Les cofondateurs d'un autre projet financé par l'ECQ, le Creative Collective for Change (CC4C), se sont joints à la discussion. Il s'agit d'une initiative para-académique qui cherche à engager la communauté de Dawson dans des actions participatives qui explorent nos problèmes sociaux les plus urgents et inspirent par les possibilités d'apporter un réel changement. Les responsables des projets IPE et CC4C échangent depuis le printemps et sont de plus en plus convaincus qu'ensemble, ils seront en mesure de créer quelque chose d'impactant, voire d'inspirant, pour les étudiants.

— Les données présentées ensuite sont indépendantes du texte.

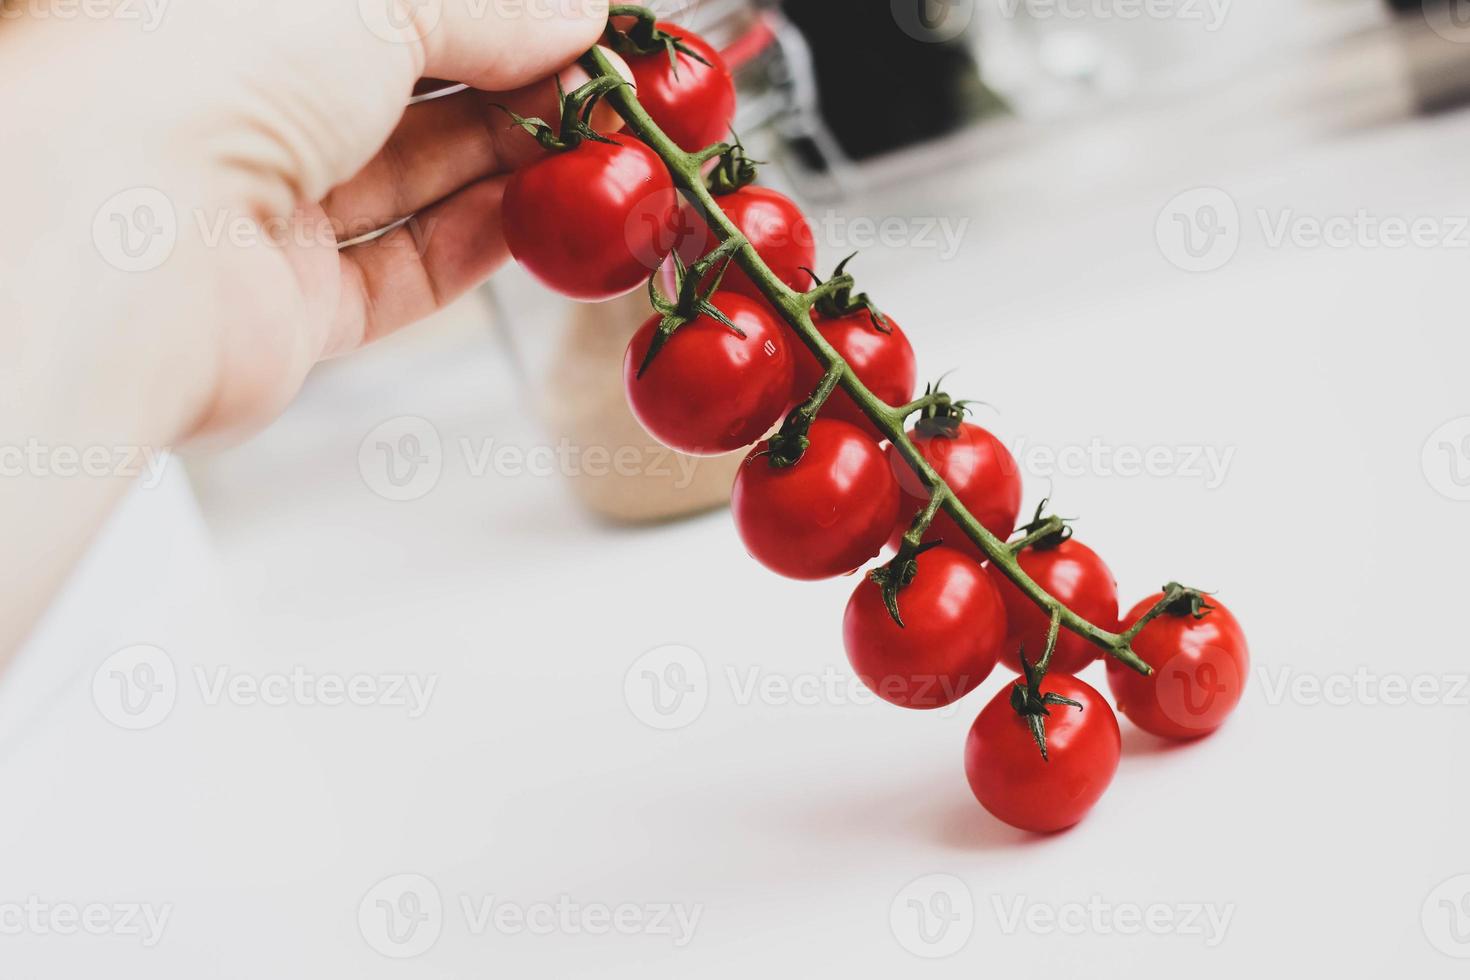 tas de tomates cerises biologiques fraîches. photo

Notre journée a commencé par une lecture des étudiants en théâtre de Dawson, Corbeau Sandoval Chaidoullina, Valerie Boisvert, Audrey-Shana Ferus et Bryan Ku, qui avaient brillamment conçu une courte saynète se déroulant dans un restaurant de fast-food, destinée à engager les étudiants sur la voie de la résolution des conflits. Les quatre personnages comprenaient un propriétaire autoritaire qui faisait face à une relation brisée avec son cuisinier, un cuisinier qui s'enterrait dans son travail pour éviter d'affronter ses problèmes personnels, une employée ambitieuse qui ne se sentait pas reconnue par ses supérieurs, et un nouvel employé non préparé, livré à lui-même pour gérer l'afflux massif de clients affamés. Alors que de multiples conflits éclatent, les appels du nouvel employé à "trouver une meilleure solution" sont ignorés et une commande erronée finit par avoir des conséquences désastreuses pour un client.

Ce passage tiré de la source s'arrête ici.